Howard v. Southern Cal. Associated Newspapers

Decision Date16 January 1950
Citation95 Cal.App.2d 580,213 P.2d 399
CourtCalifornia Court of Appeals Court of Appeals
PartiesHOWARD v. SOUTHERN CALIFORNIA ASSOCIATED NEWSPAPERS et al. Civ. 16956.

Paul S. Crouch, Los Angeles, for appellant.

O'Melveny & Myers, Jackson W. Chance, Deane F. Johnson, Los Angeles, for respondent Southern California Associated Newspapers.

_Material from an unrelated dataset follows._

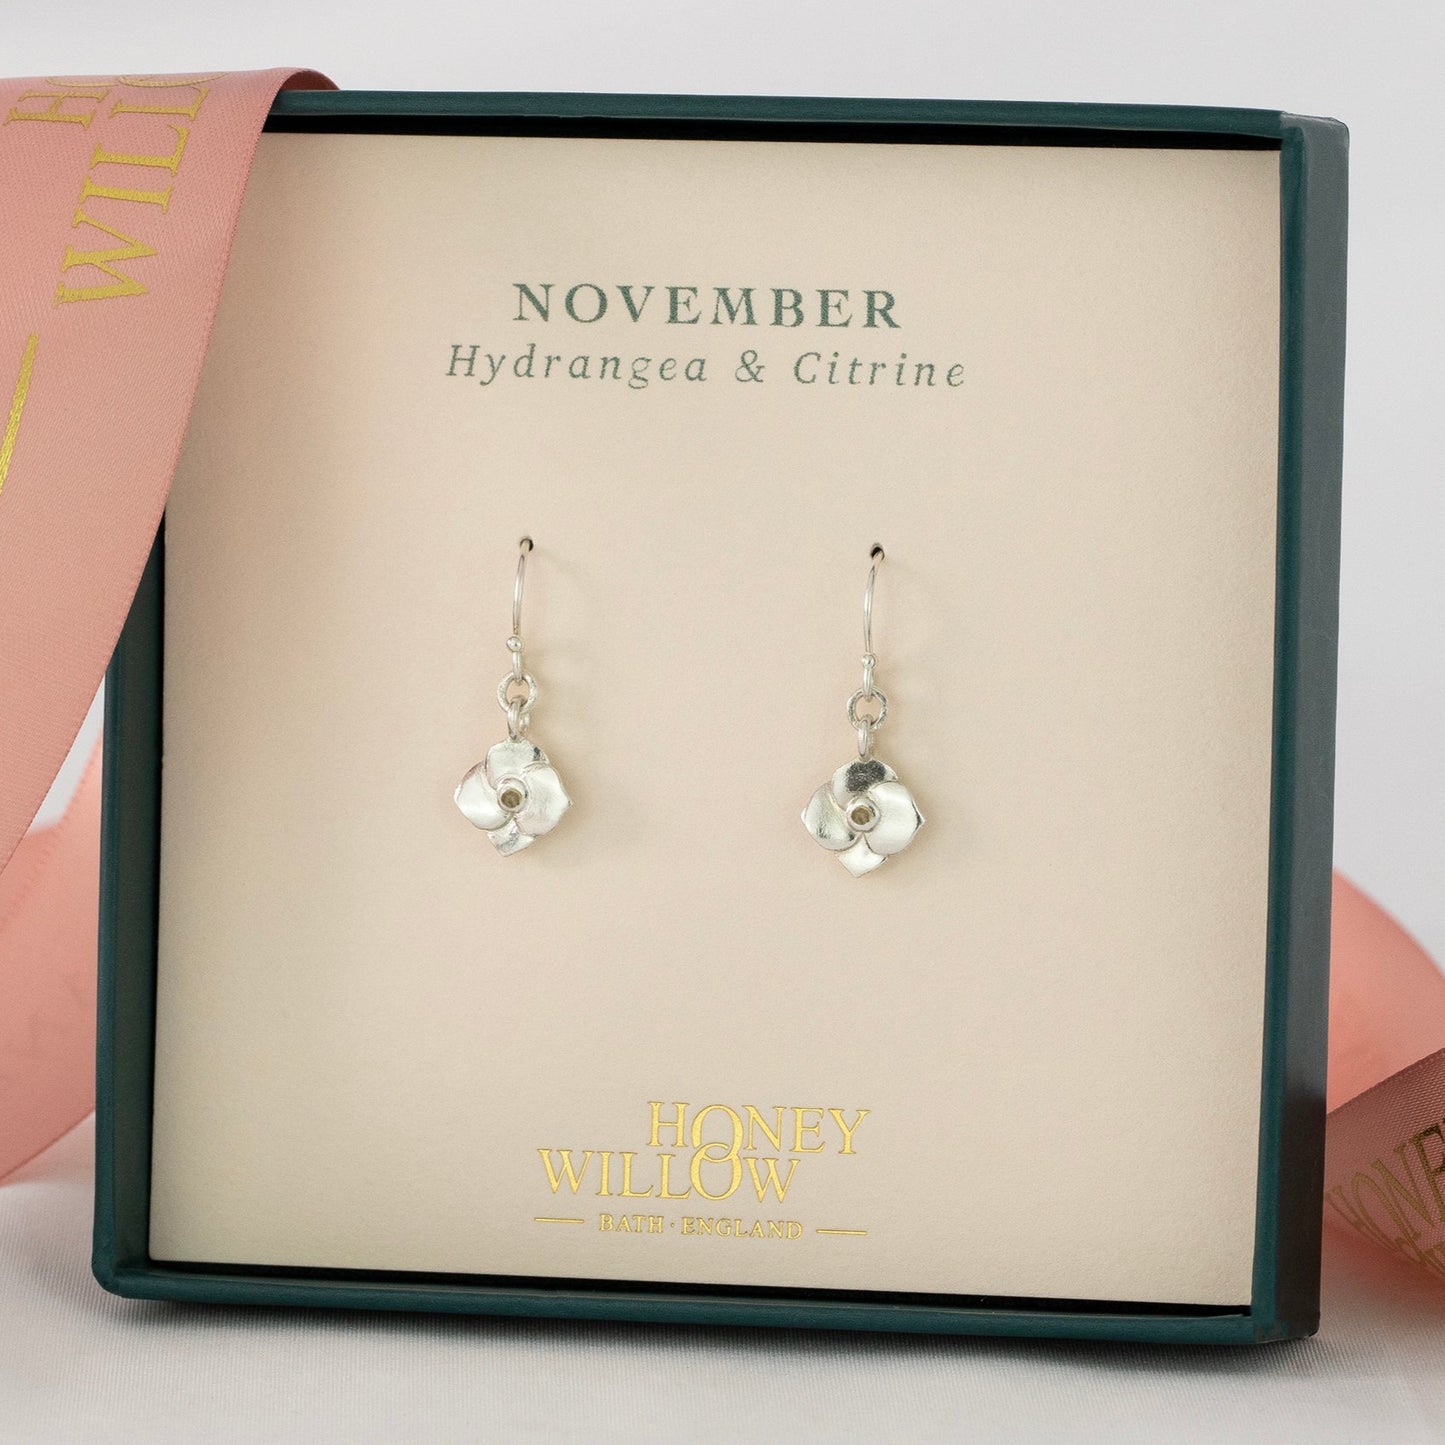 November Birth Flower & Birthstone Earrings - Hydrangea - Silver

Aubrey N. Irwin and Henry Melby, Glendale, for respondents Donald E. Close and W. E. Close.

SHINN, Presiding Justice.

On July 16, 1948 an election was pending in the City of Glendale for the removal from office of certain city officials. Plaintiff Howard was chairman of the committee sponsoring the recall. Glendale NewsPress, a newspaper published in Glendale by Southern California Associated Newspapers, was opposed to the recall. Its columns were open for the expression of the views of the contending factions. Donald E. Close, a minor, the son of W. E. Close, allegedly acting in concert with his father, expressed certain views concerning the recall movement in a letter which was published by the newspaper. 1 Plaintiff thereupon sued the newspaper, Donald E. Close and W. E. Close for libel, alleging that the statements were false and were published with actual malice. The three quoted writings were attached to the complaint as exhibits. The original complaint contained no allegation of special damage suffered by plaintiff. Demurrers of defendants were sustained with leave to amend. An amended complaint was filed which also failed to allege special damage. Demurrers to the amended complaint were sustained without leave to amend and although a single judgment would have sufficed, separate judgments of dismissal were entered in favor of the defendants. Plaintiff appeals.

Since the case arises on demurrer, we shall assume the sufficiency of the complaint to allege that the statements published by defendants were both false and unprivileged. Although plaintiff's demand for a retraction related only to the last two sentences of the article the complaint alleged the falsity of the entire publication. We shall discuss, chiefly, the statements embraced within the demand. As to the remainder of the article we shall say, only, that it clearly was not defamatory. It is therefore unnecessary to pass upon the contention of the defendants that a claim of libel in such a case is limited to the statements specified in the demand for retraction.

'Defamatory language not libelous on its face is not actionable unless the plaintiff alleges and proves that he has suffered special damage as a proximate result thereof.' Civ.Code, sec. 45a. Special damages are 'all damages which plaintiff alleges and proves that he has suffered in respect to his property, business, trade, profession or occupation, including such amounts of money as the plaintiff alleges and proves he has expended as a result of the alleged libel, and no other'. Civ.Code, sec. 48a, subd. 4(b). If the person claiming to have been libeled, within 20 days after knowledge of the publication, demands a retraction specifying the statements claimed to be libelous and if the publisher fails for three weeks after the demand to publish a correction in substantially as conspicuous a manner as the allegedly libelous statement, recovery may be had of general, special, and, in proper cases, exemplary damages. Unless demand is made and no proper retraction is published the plaintiff can recover only special damages. Civ.Code, sec. 48a(1).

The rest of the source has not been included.